Махнув рукой, ушёл Прокопий за травой, которую собирался положить для удобства на телегу, а кроме этого, на всякий случай непредвиденный, и замаскировать ею фляги от посторонних глаз. Накосив, вернулся он с большой охапкой влажной дубровы. Разложив её на телеге, Прокопий удалился вторично. На этот раз несёт он вдвое больше. Лицо его закрыто травой, и он, мелко ногами семеня от тяжести, бежит наугад. Метрах в пяти от телеги Прокопий цепляется ногой за мешок с воском, оставленный Аграфеной, и падает, зарывшись в зелень. От злости фыркая, Прокопий вскакивает и, выбрав самые чёрные слова, вспоминает ими Аграфену и всю родову чекуновскую. Собрав траву, бросает её подле телеги и, видимо, немного поостыв, говорит:
– Вечно разбросает всё где попало. Ни проехать, ни пройти, чтоб не запнуться.
– Балалайкой своей по сторонам вертеть поменьше надо – и запинаться не будешь.
– Цу-цу, ну, умница какая! Я тебе чё, фокусник-покусник какой – через траву-то чтобы видеть. Ума палата полная… не эта, правда, на плечах-то что, а нижняя.

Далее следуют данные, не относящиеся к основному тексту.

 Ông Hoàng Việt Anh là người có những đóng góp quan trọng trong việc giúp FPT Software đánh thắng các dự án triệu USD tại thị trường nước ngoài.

Аграфена молчит. Высунув и прикусив язык, она перетаскивает, уперев в живот, несколько листов шифера с погребка на прежнее место.
– Не рви! Пуп развяжется.
– Н-не б-бойсь.
– А мне-то.
Прокопий сидит удобно на мягкой траве в телеге и, раскуривая трубку, наблюдает за работающей женой, а заодно поглядывает и на горизонт. Горизонт мрачен. Багряное зарево вырывается из-за туч. Веет тёплый, порывистый ветерок, срывая с Прокопьевой трубки дым. В тайге темнеет. Прокопий, обмозговав все приметы, думает, что ночью польёт дождь, и дождь немелконький, похоже, а поэтому с отъездом следует поторопиться.

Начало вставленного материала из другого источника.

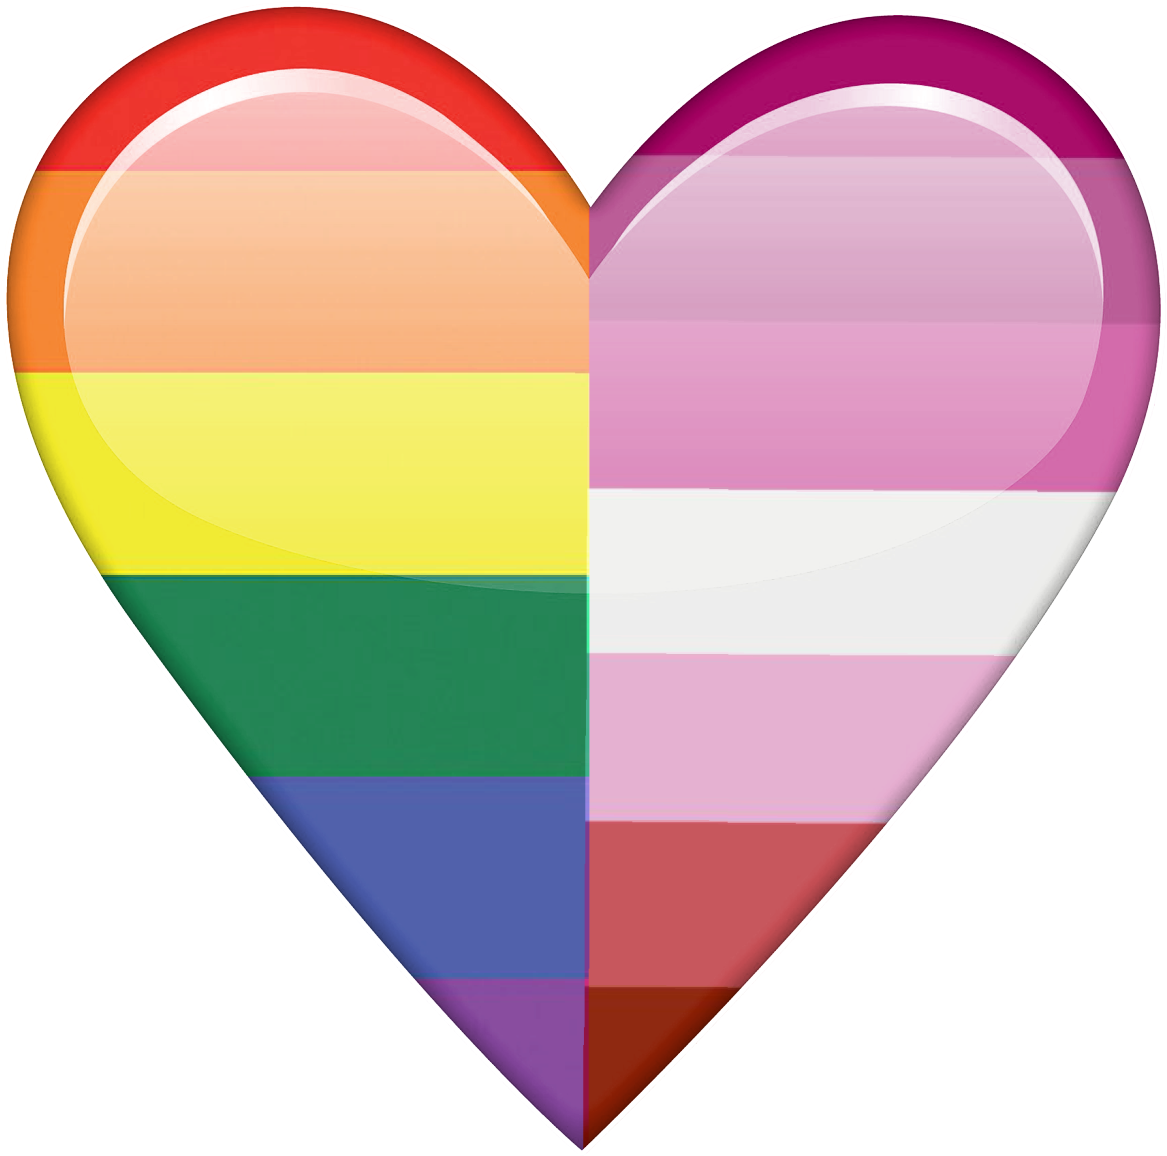 A Heart Shaped Rainbow Flag

Так решив, он спрыгнул с телеги, выбил об чурку трубку, спрятал трубку в карман и направился к Аграфене, кряхтя поднимающей с ямки последние сосновые доски из последнего ряда.
– Не корячься.
– Поздно пожалел.
– Чё, пуп уж, чё ли, развязался?
– Когда стаскала всё, явился.
– А я же их сюда не приносил – так, баба, нет? Давай бери с той стороны вон.
Освободив погребок, они спустились в него и с великими мучениями, а Прокопий – тот и с матюками, вытащили наверх одну за другой две полные мёдом фляги.
– А эту сразу на телегу.
– Да дай, Господи, дух-то хошь перевести… ой… с ума сойти… ох, тошно мне.
– Заумирала, мать честная.
Передохнув, считая до трёх, с криком – оппа! – они поставили фляги на телегу. Прокопий замаскировал их травой, сверху накрыл ещё брезентом и ушёл за кобылой, привязанной у дымокура. Аграфена уложила на воз всё приготовленное. Стоит рядом и напряжённо о чём-то думает.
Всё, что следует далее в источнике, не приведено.